By Alex Parslow, Sr. Vice President Pre-K-12 Education
What would you do if you could design your school from the ground up? This was the question from the Superintendent of Milpitas Unified School District who challenged principals and teachers to design a “facility to inspire creativity, positive energy, innovation, and joy.” The outcome of this dynamic mandate was the creation of three HMC designed Learning Centers for Milpitas Unified that were recently honored by the Coalition for Adequate School Housing (C.A.S.H.) and the AIACC with this year’s Leroy F. Greene Design + Planning Award.
The limited budgets for these projects required that structural alterations be kept to a minimum. Yet, our HMC design team was able—through strategic wall removal and the introduction of flexible partitions—to convert what had been small spaces typical of the factory model common in schools constructed in that era, into exciting 21st century learning environments. Previously concealed elements such as clerestory windows, glulam beams, and wood trusses were uncovered and reintroduced into the spaces. As a result, the Learning Centers offer large, flexible spaces filled with natural daylight. A variety of bright colors in carpets and paint were selected to create visual interest appealing to young students—and to match the level of energy and enthusiasm for learning that these spaces engender.
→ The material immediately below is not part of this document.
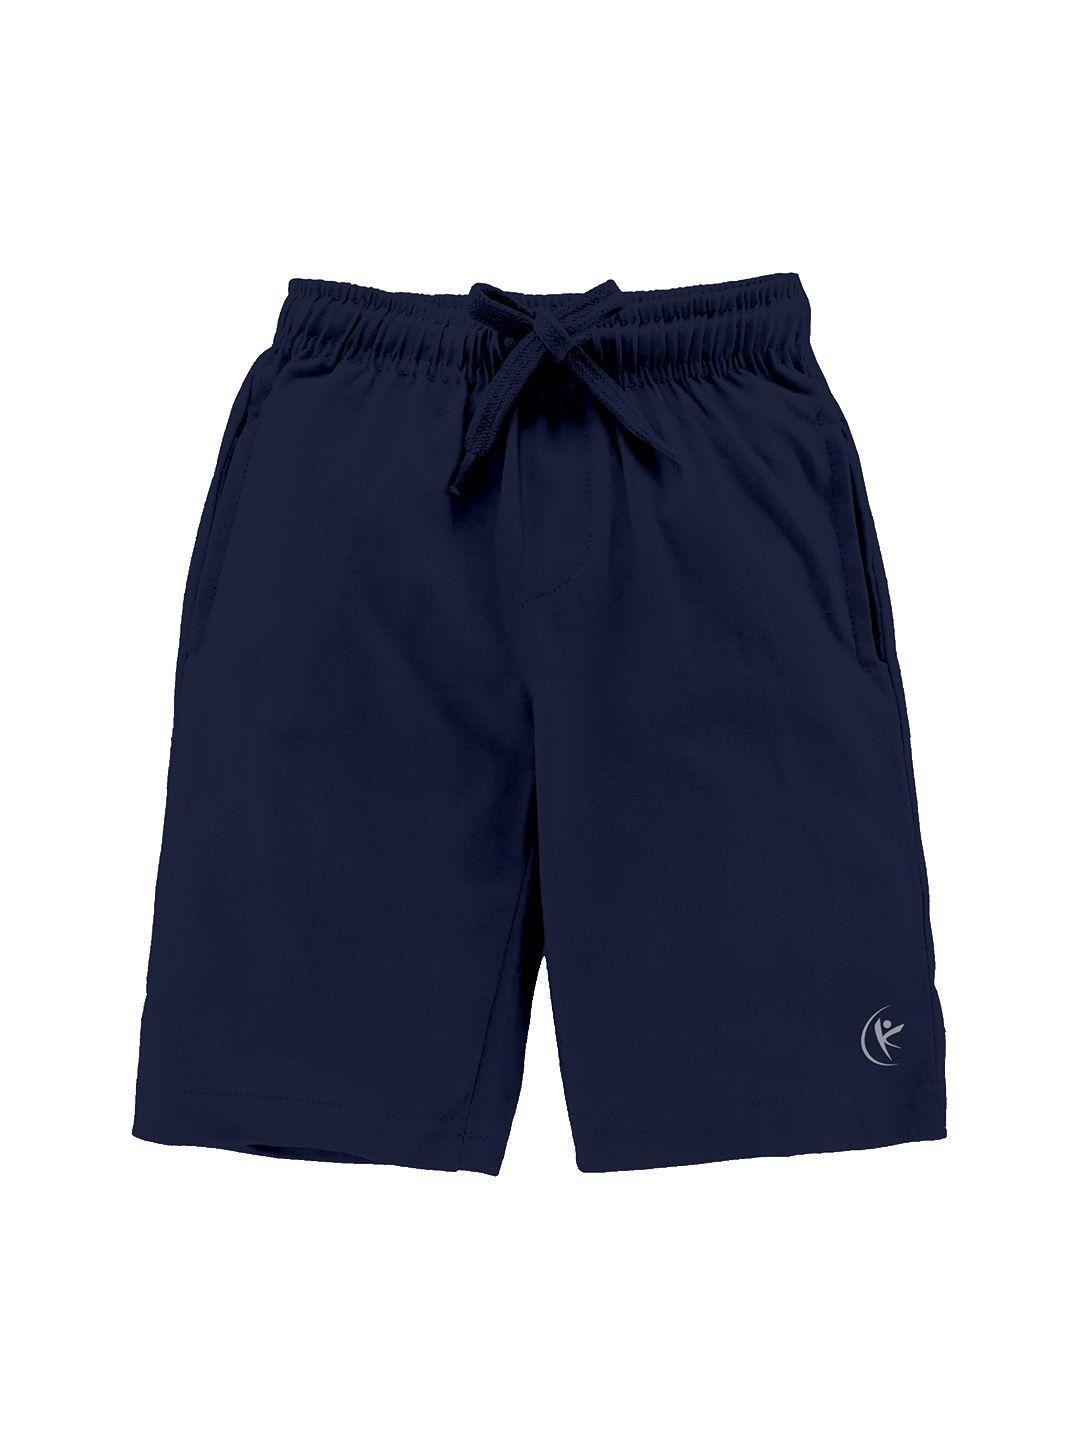 KiddoPanti Boys Navy Blue Cotton Shorts

The spaces provide flexible and personalized learning environments where classes can be combined, and learning can be imagined in new ways, one of the tenets of 21st century education. For example, a single teacher with two instructional aides may conduct a lesson with 80 or more students in a hands-on lab activity in one room, while others can work on different activities in the adjacent room. This flexible configuration both frees up teachers for preparation and collaboration time and gives teachers greater control in deciding how the environment best facilitates student learning.
After a year of using the Learning Centers, Milpitas USD is already moving away from its original intent of using the spaces for students to work almost exclusively on instructional software on Chromebooks. Since the Learning Centers have proven to be so flexible, teachers are able to use the spaces for new, inventive purposes, such as S.T.E.M. laboratories and makerspaces.